→ How to complete this task: An exact retyping of all lines below is the answer; pictures do not belong in it.

→ Given information:
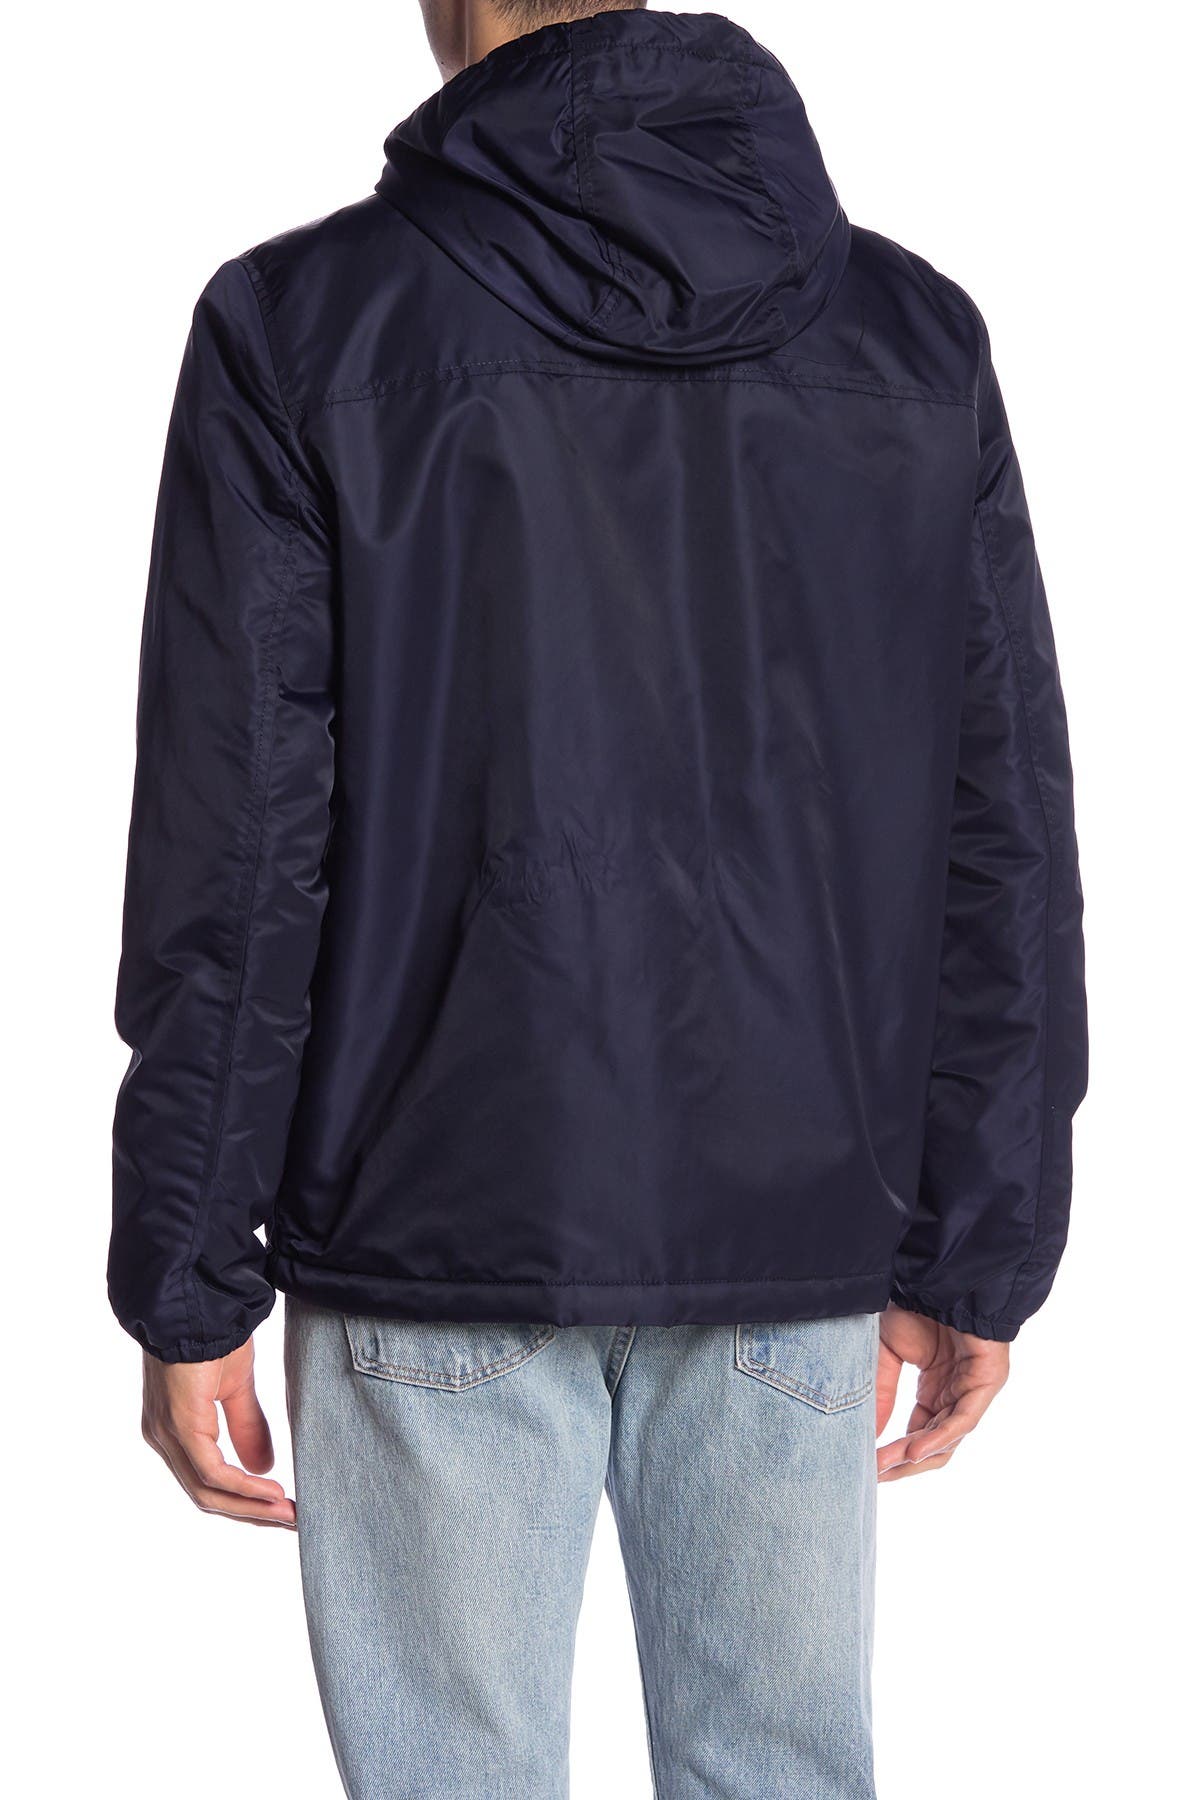 Levi's | Faux Fur Lined Water Resistant Hooded Jacket | Nordstrom Rack
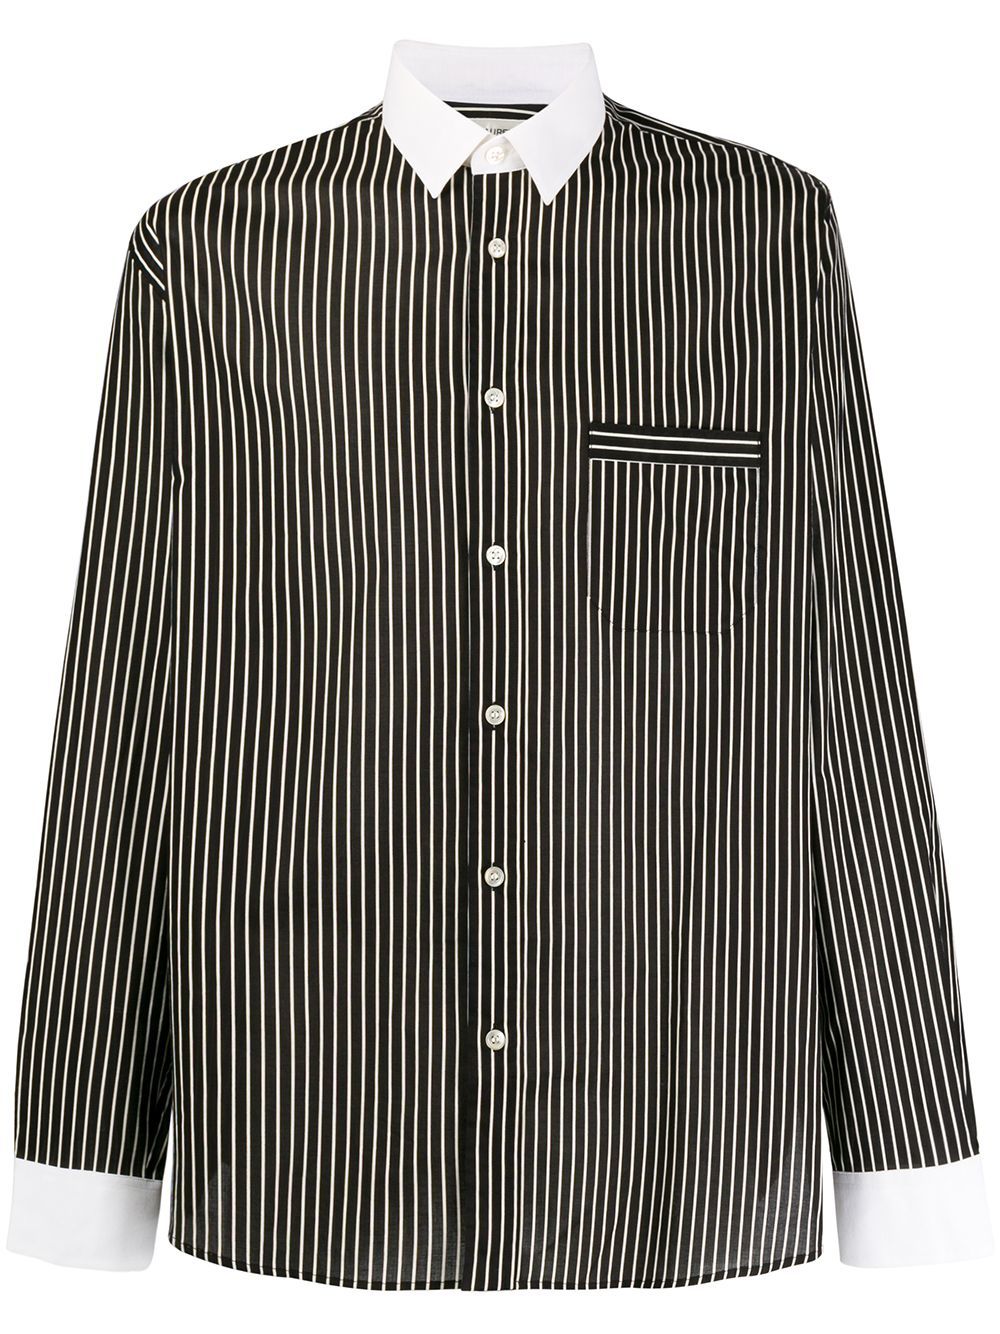 Saint Laurent Striped Contrasting Collar Shirt, $510 | farfetch.com ...
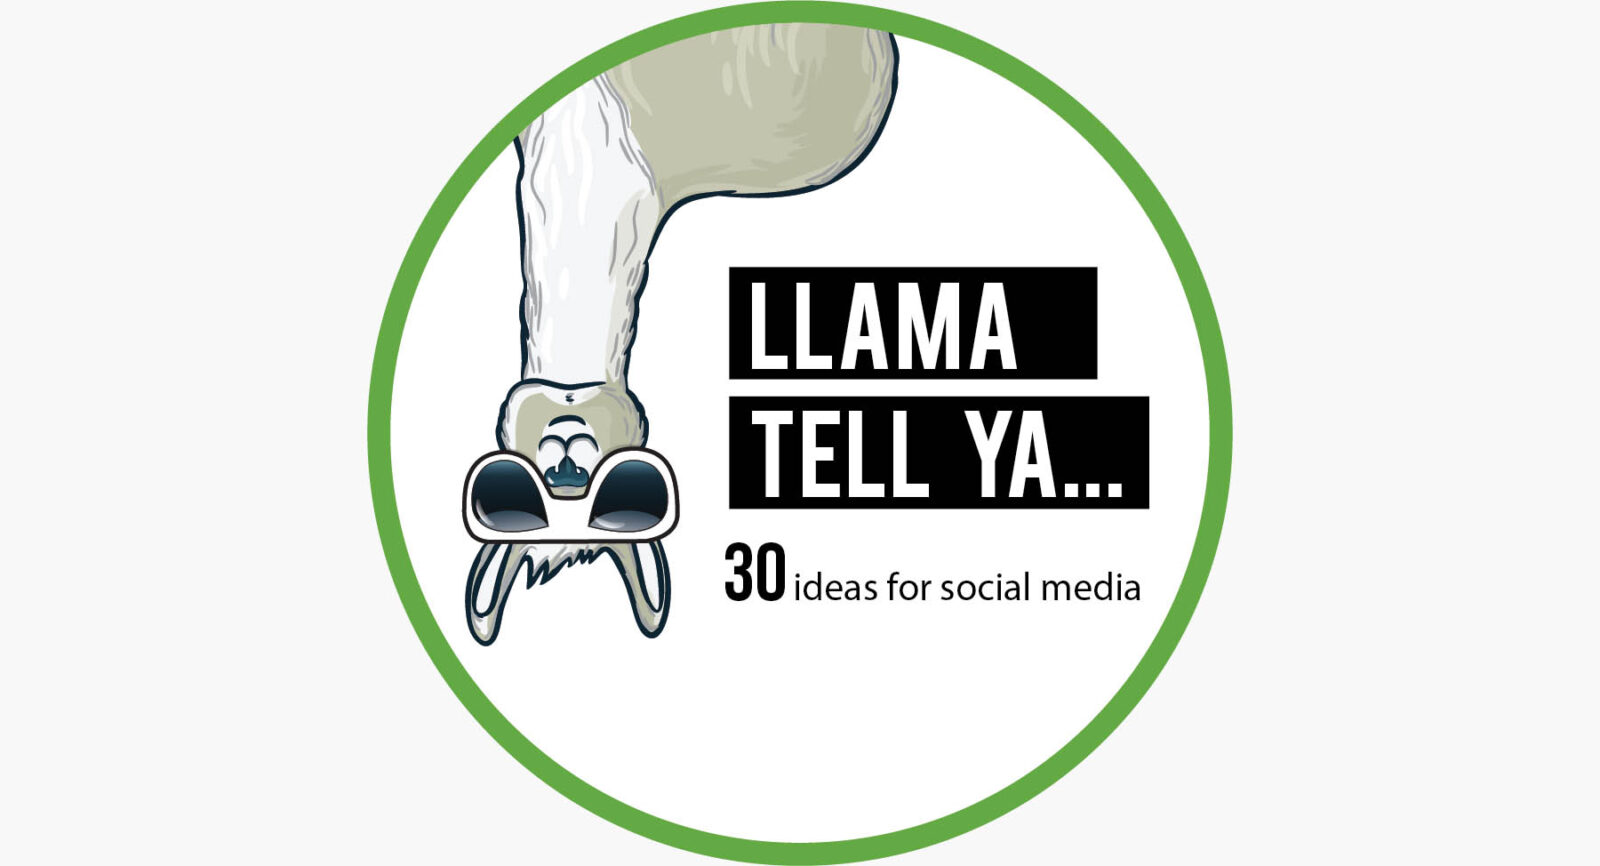 "Llama tell ya... 30 ideas for social media" upside down llama badge
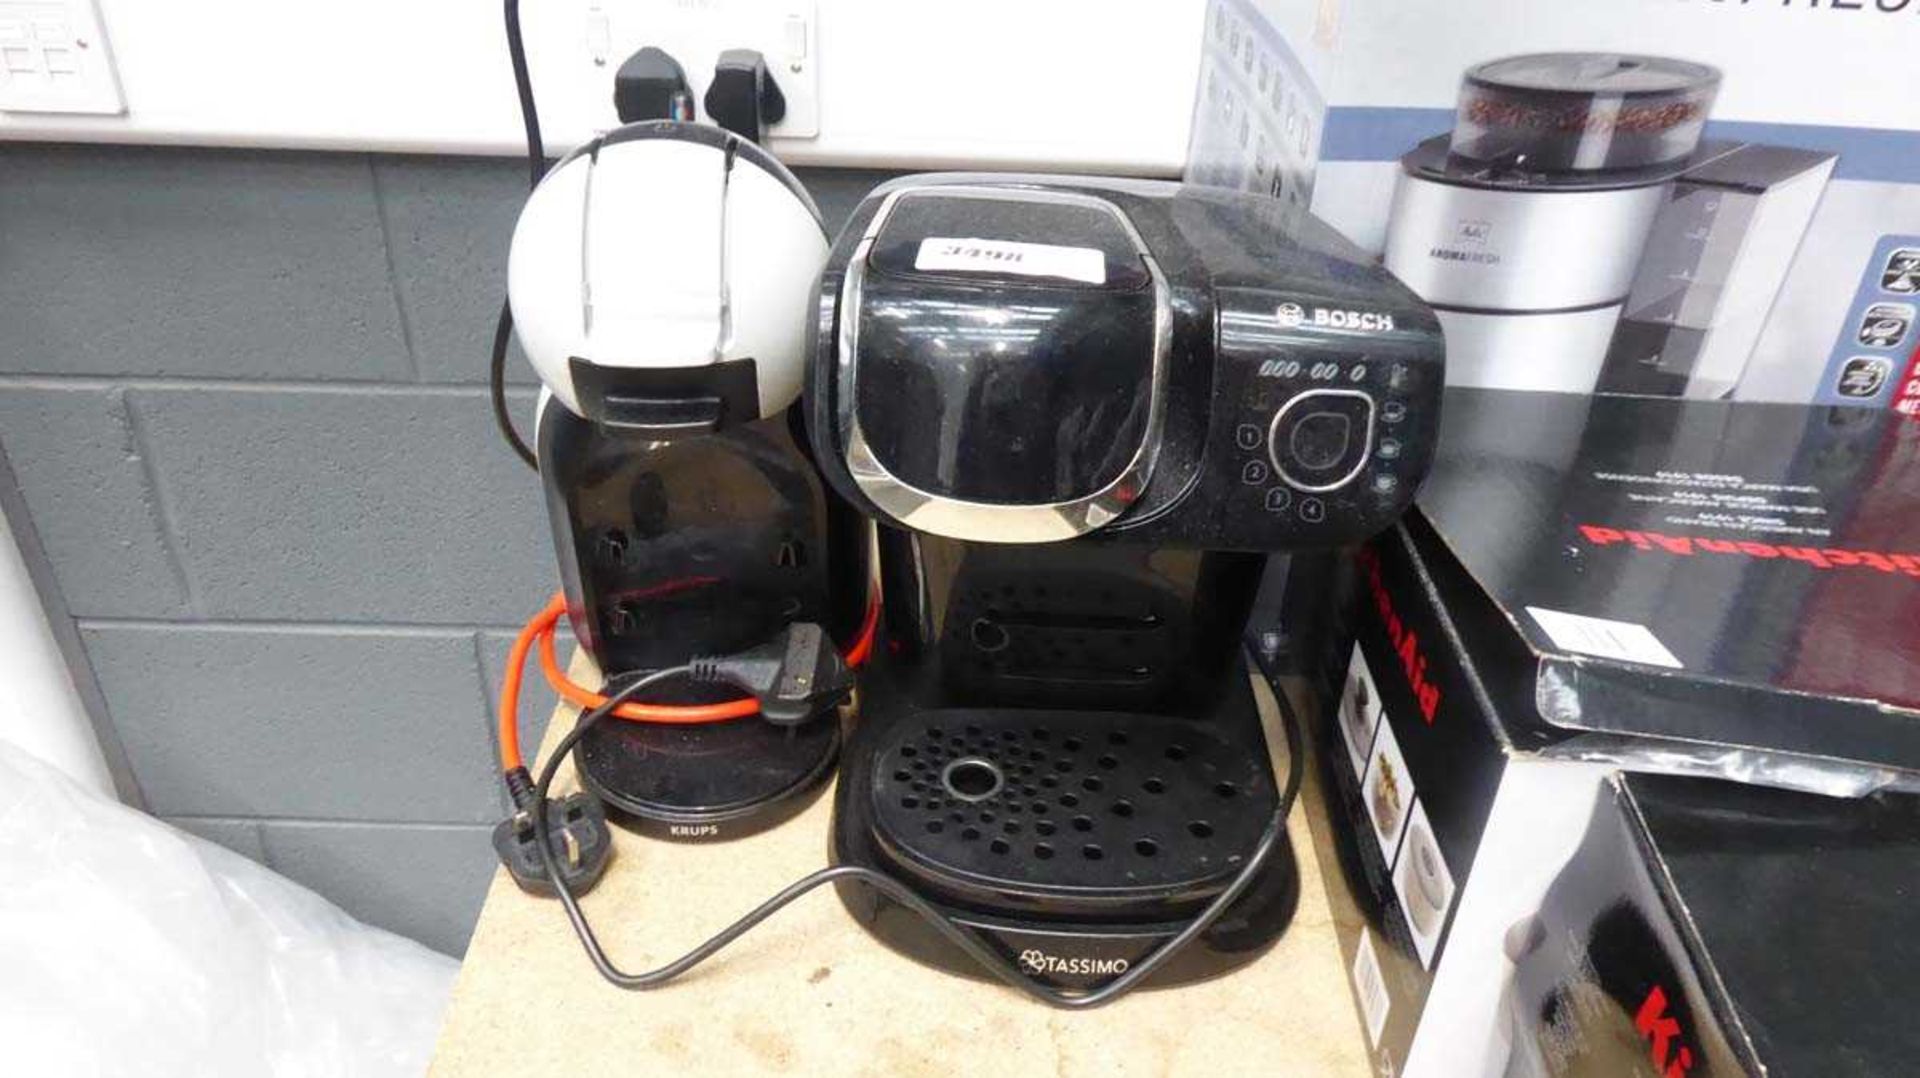 +VAT Bosch Tassimmo coffee machine, and Nescafe Dolce Gusto coffee machine

→ Result for this task:
 Levi's | Faux Fur Lined Water Resistant Hooded Jacket | Nordstrom Rack
 Saint Laurent Striped Contrasting Collar Shirt, $510 | farfetch.com ...
 "Llama tell ya... 30 ideas for social media" upside down llama badge
 +VAT Bosch Tassimmo coffee machine, and Nescafe Dolce Gusto coffee machine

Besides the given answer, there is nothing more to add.